*Task goal*
Lines from the one with "the ultimate super" to the end of the material, both included: print them exactly and print nothing else. Omit the pictures.

*Data below*
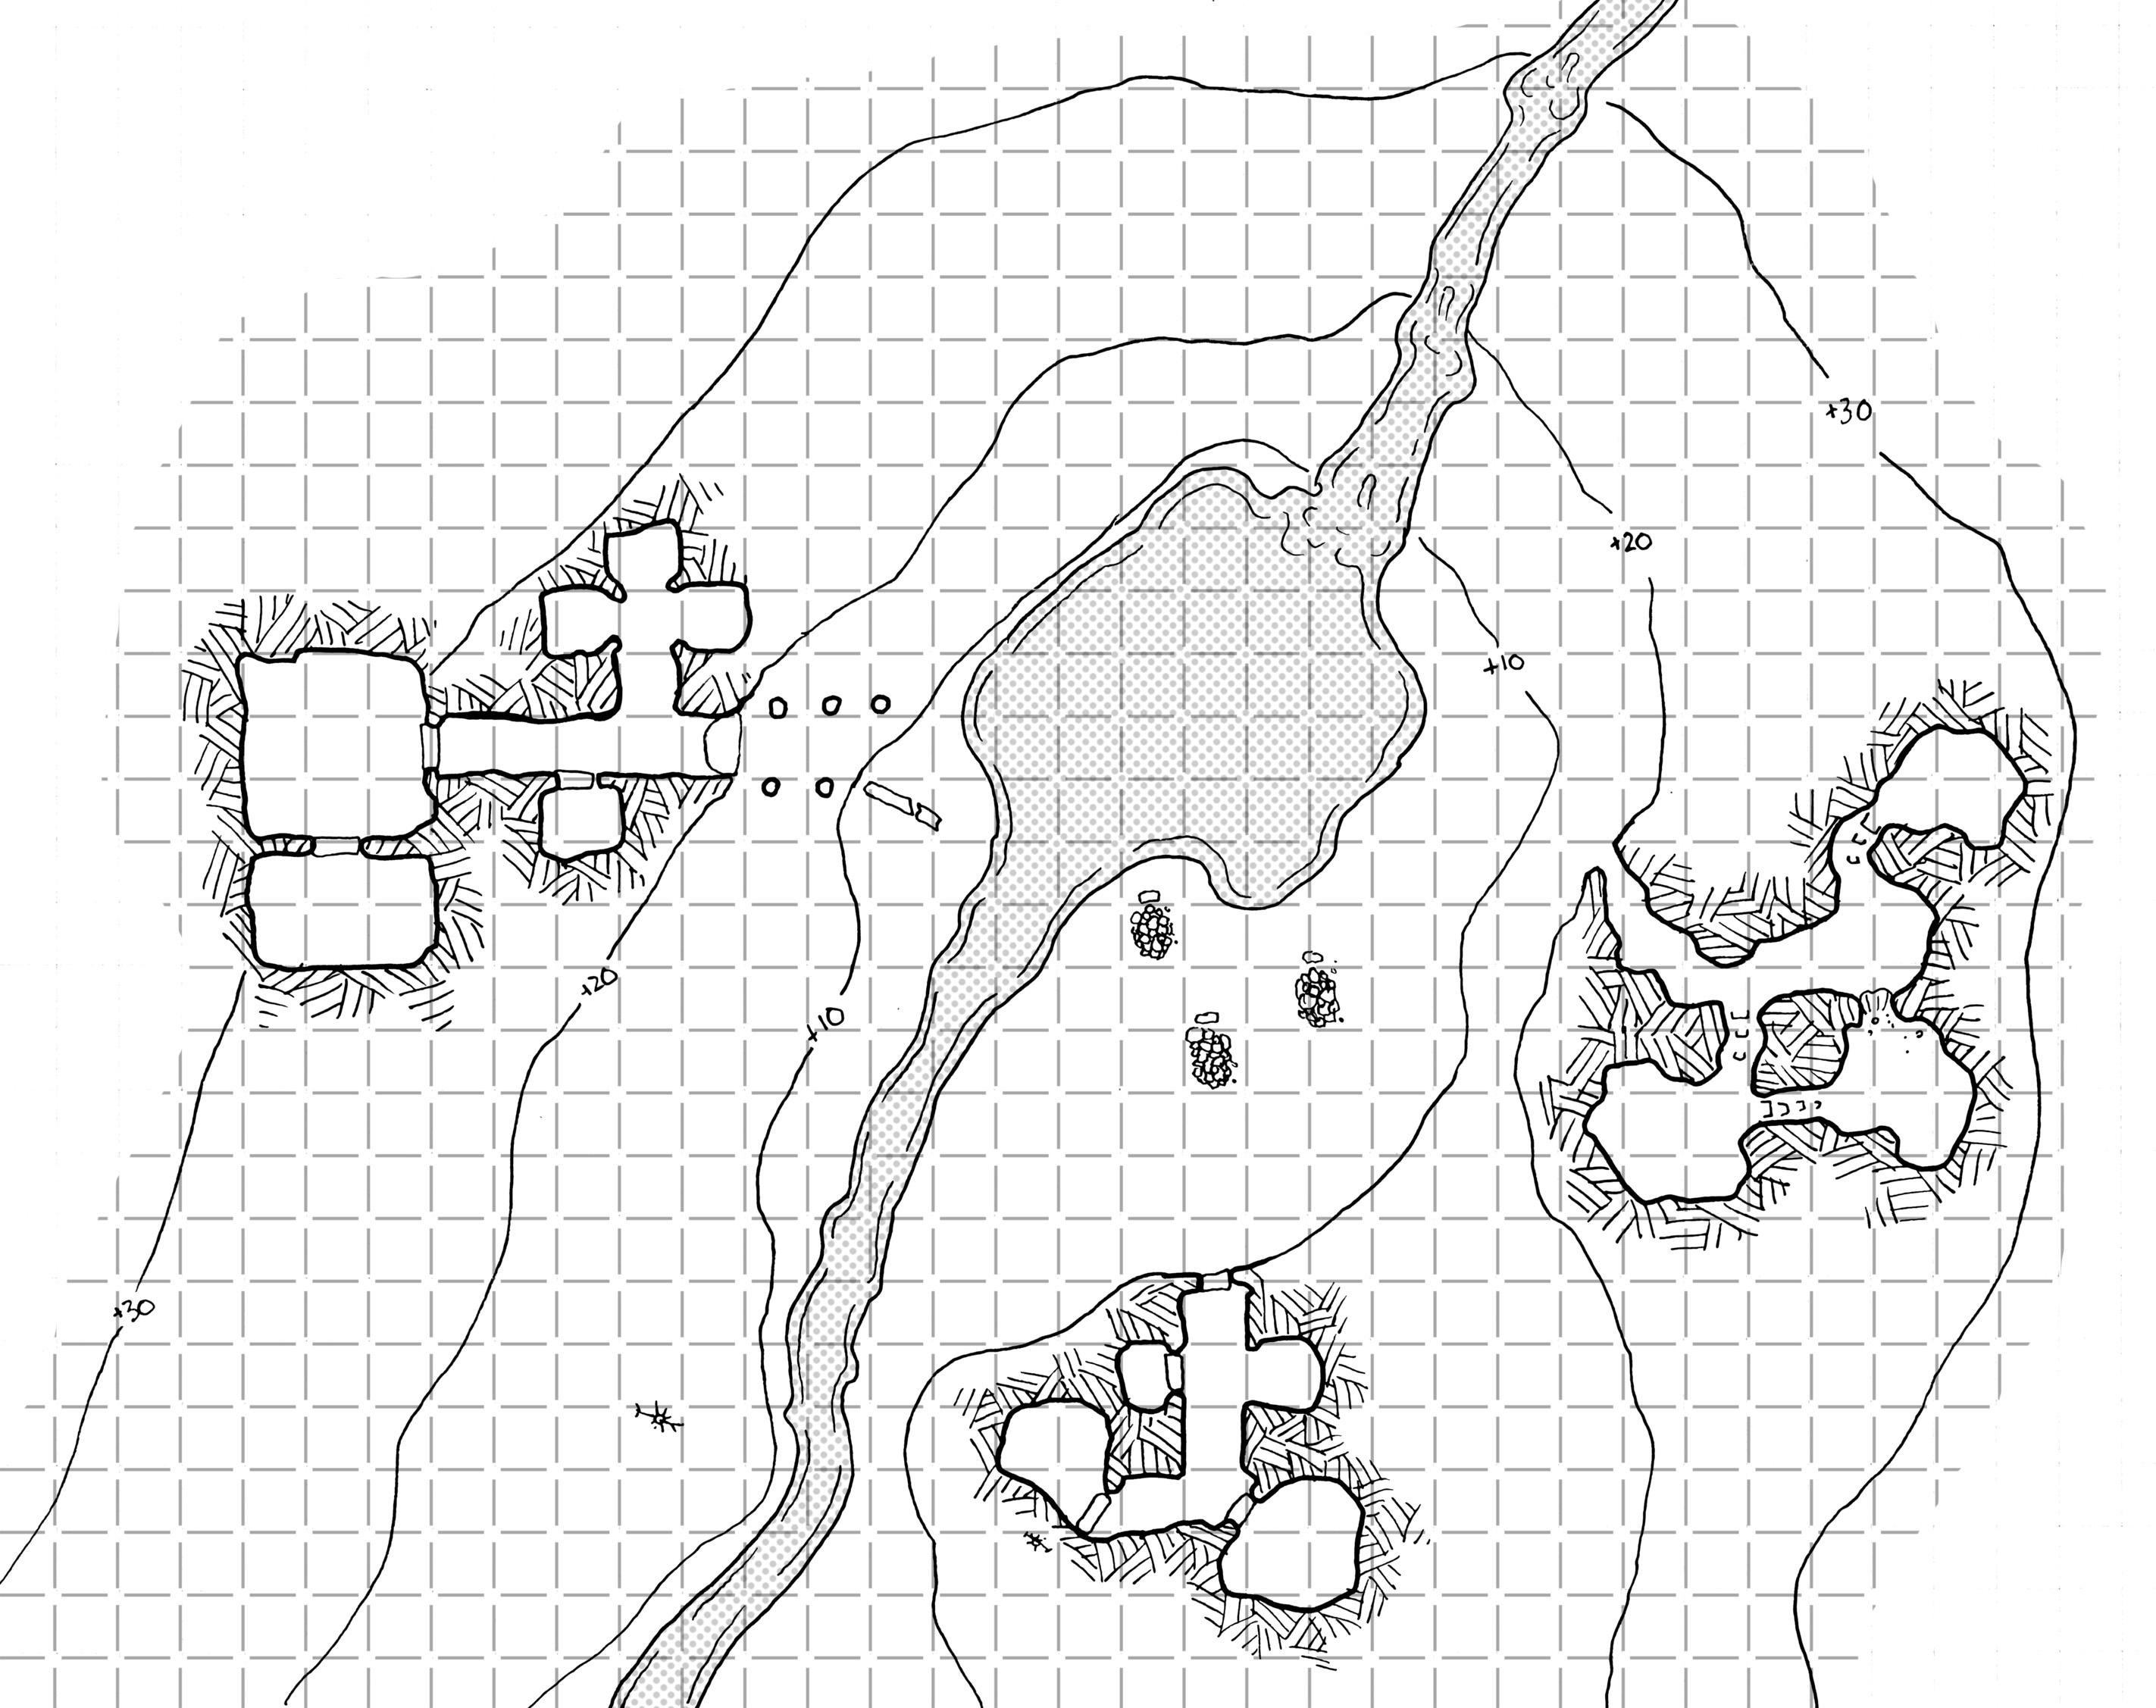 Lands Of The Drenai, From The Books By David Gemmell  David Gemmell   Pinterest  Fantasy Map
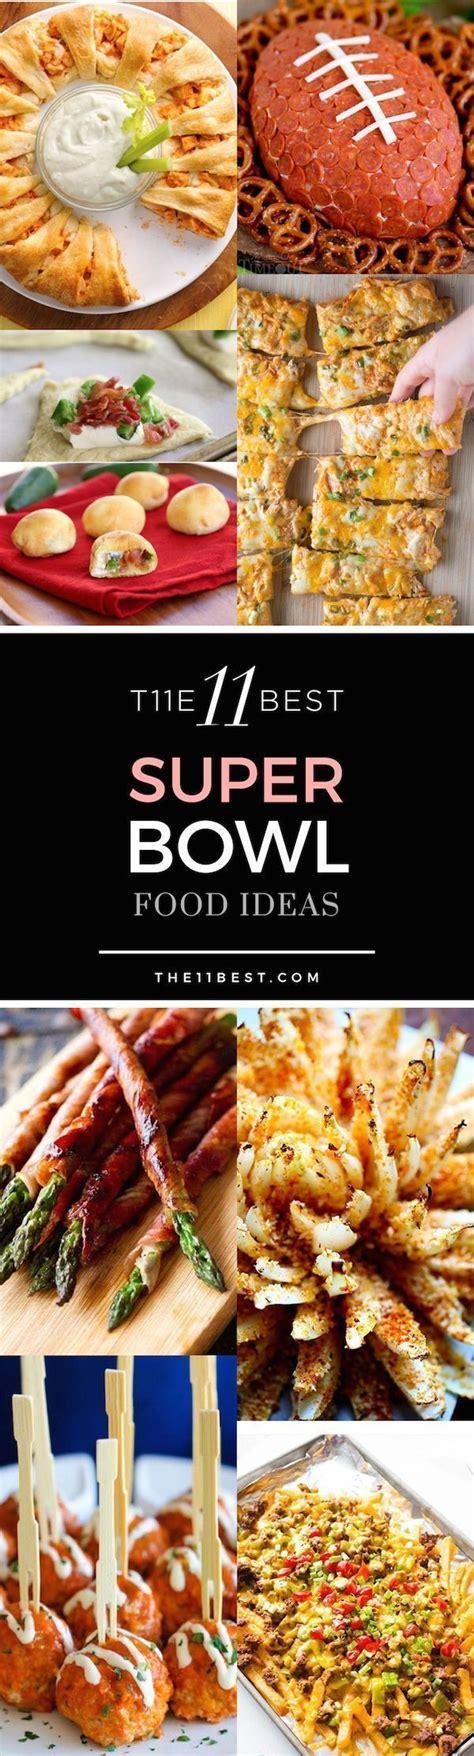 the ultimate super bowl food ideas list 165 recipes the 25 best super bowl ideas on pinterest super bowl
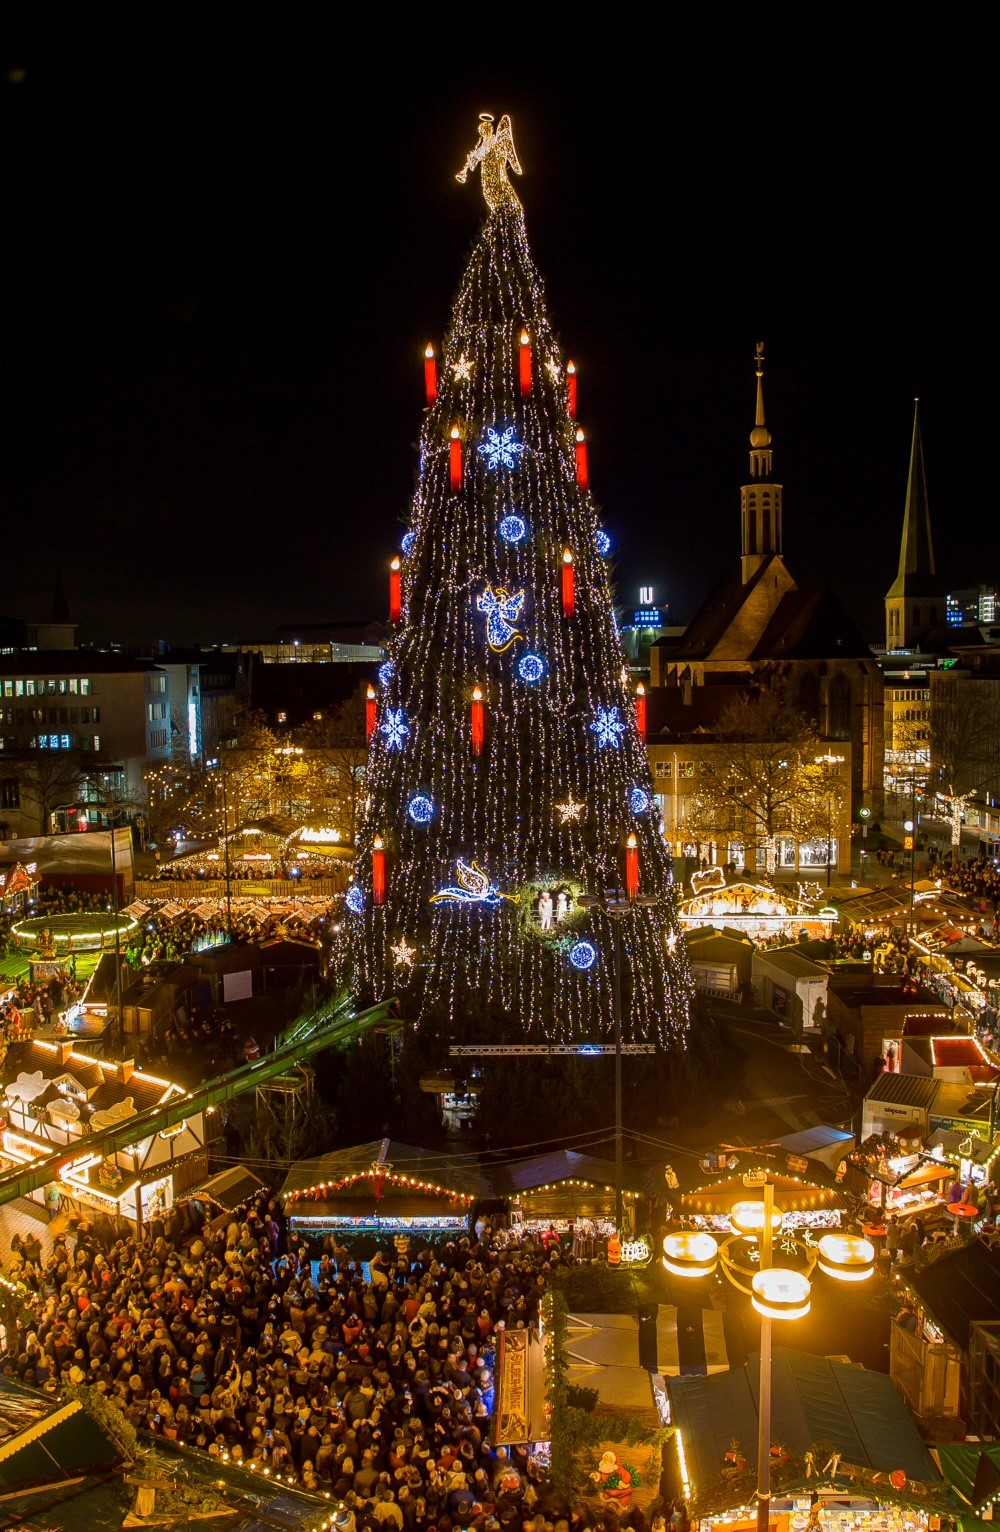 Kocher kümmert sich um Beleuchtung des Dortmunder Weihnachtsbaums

*Answer section*
 the ultimate super bowl food ideas list 165 recipes the 25 best super bowl ideas on pinterest super bowl
 Kocher kümmert sich um Beleuchtung des Dortmunder Weihnachtsbaums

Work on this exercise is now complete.